Keywords: quantitative magnetic resonance, menisci, segmentation, deep learning, osteoarthritis
INTRODUCTION
Osteoarthritis (OA) is the most common form of arthritis in the knee, and the menisci play an important role in the initiation and progress of OA1. Various menisci pathologies, such as proteoglycan loss or deterioration of the collagen network, have been directly associated with the symptomatic knee OA2–4. There is growing interest in developing imaging biomarkers that could help clinicians assess and monitor the progress of OA in vivo. Magnetic resonance (MR) imaging can provide quantitative data related to the relaxometry and morphology of the whole joint knee anatomy. For example, the meniscal T2 and T2* relaxation times were reported to be sensitive to OA-related pathophysiological processes5,6. Menisci, however, have a short T2 and demonstrate low signal on conventional MR sequences, making quantitative assessment with the standard clinical MR sequences infeasible. In comparison, ultrashort echo time (UTE) sequences with TEs about 100 times shorter than those of conventional sequences can be used to image tissues with short T27. 3D UTE cones sequences have been proposed to measure the T1 and T1ρ relaxations for different knee tissues, including the menisci8,9. Given the possibility of using MR relaxations as promising OA biomarkers, assessment of the menisci still requires 3D segmentation, which is often performed manually and is therefore time-consuming and affected by inter-observer variability10,11. Development of robust automatic menisci segmentation methods could provide clinicians with quantitative MR parameters, such as T1, T1ρ and T2* relaxations, and would present an important step for efficient assessment and monitoring of OA.
Nowadays, deep learning methods are gaining momentum in medical image analysis12. These data-driven algorithms automatically process input images to learn high-level data representations and provide the desired output, such as a decision whether the investigated image contains a pathology. Deep convolutional neural networks (CNNs) have proved to be extremely useful in solving various medical image analysis problems, including image classification and segmentation12. The U-Net CNN and its variations are perhaps the most popular deep learning methods used for image segmentation13. These CNNs for segmentation consist of contracting and expanding paths with skip connections. The contracting path (encoder) processes the input image using convolutional operators to extract a compact high level image representation. In the next step, the expanding path (decoder) utilizes this representation to generate a binary mask indicating the location in the image of the object to be segmented. The skip connections are used to include information from the contracting path in the expanding path to improve object localization. CNN-based methods were proposed for cartilage segmentation14–16 and whole joint anatomy segmentation, including menisci17. 2D U-Net CNNs for menisci segmentation were developed based on double-echo steady-state knee joint MRI images collected from healthy subjects and from patients with OA18,19. The authors demonstrated that automatic segmentations could be used to assess menisci morphology and to extract efficient biomarkers for OA diagnosis18,19. Additionally, automatic menisci segmentation methods based, for example, on fuzzy logic and extreme learning machines were developed before deep learning techniques gained their momentum20–22. Moreover, semi-automatic menisci segmentation methods based on region growing were developed; those methods proved to perform well in the case of OA biomarker extraction23–25. Based on the obtained segmentations, the authors calculated meniscal T1ρ and T2 parameters, and related those to the levels of OA progression24. However, the quantitative evaluation of menisci (e.g., T1, T1ρ, T2, and T2* relaxation times) is challenging due to the lack of signal with conventional gradient echo sequences with echo times around 4 to 7 ms, which are too long to accurately quantify meniscus with a short T2* of around 5 ms26.
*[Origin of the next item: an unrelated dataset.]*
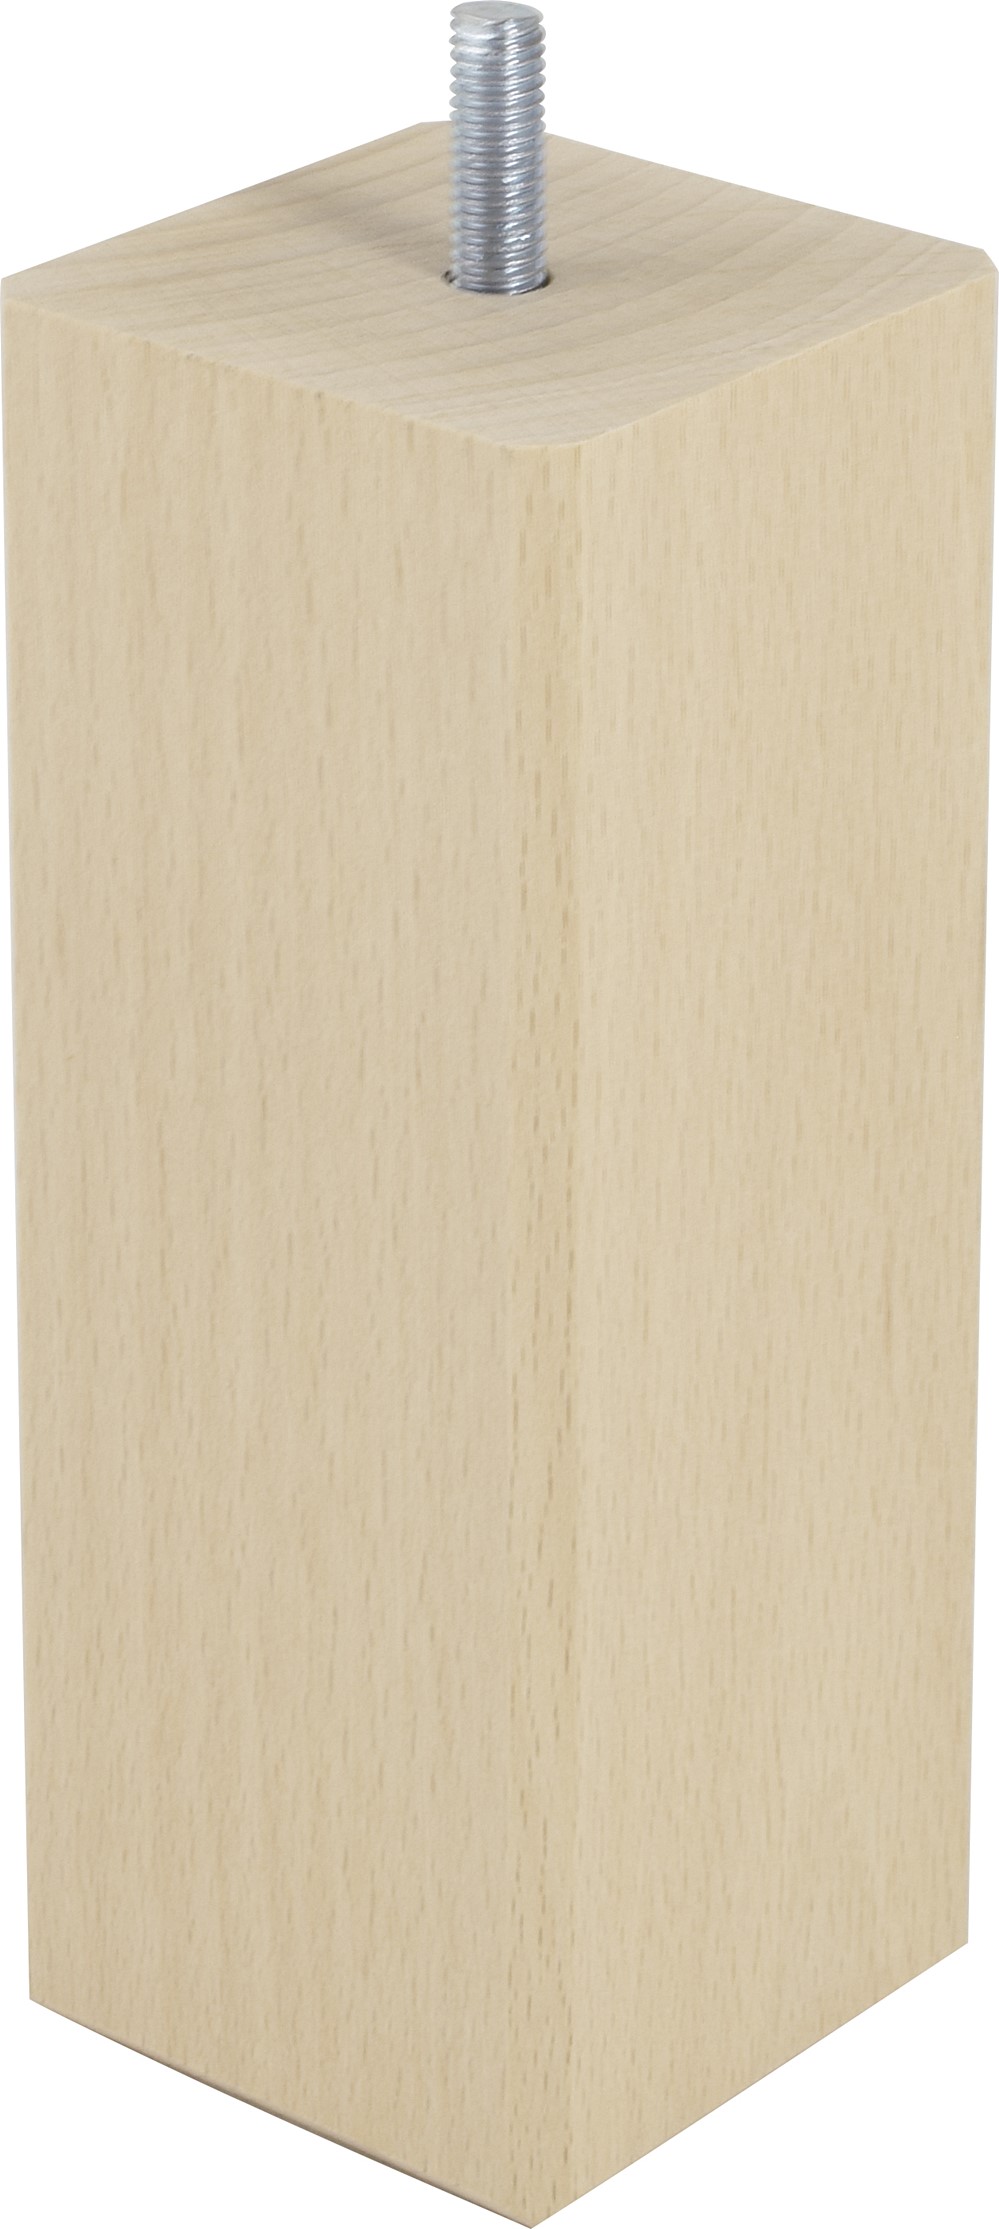 Pied de lit carré bois brut H.150 60x60mm - BAR PLUS

Due to small medical datasets, it is a common practice to use transfer learning and utilize a pre-trained deep learning model. This way, a model developed using a large dataset can be adjusted to address the medical imaging problem of interest. The better performing CNNs for classification, such as the VGG19 or InceptionV327,28, have been developed using the ImageNet dataset, which includes over 1,000,000 RGB images29. The first convolutional layers of these deep CNNs identify low level concepts in the images, such as color blobs, illustrating the importance of these basic features for efficient object recognition30. In practice, it is usually reasonable to utilize these already developed convolutional operators for the new deep learning model. In MR imaging, transfer learning has been proven to provide good results in, for instance, image classification31. In the study on whole joint anatomy segmentation, the authors pre-trained their CNN using a different set of MR images17. In the case of computer vision, it was demonstrated that transfer learning methods could improve the CNN-based road scene semantic segmentation32.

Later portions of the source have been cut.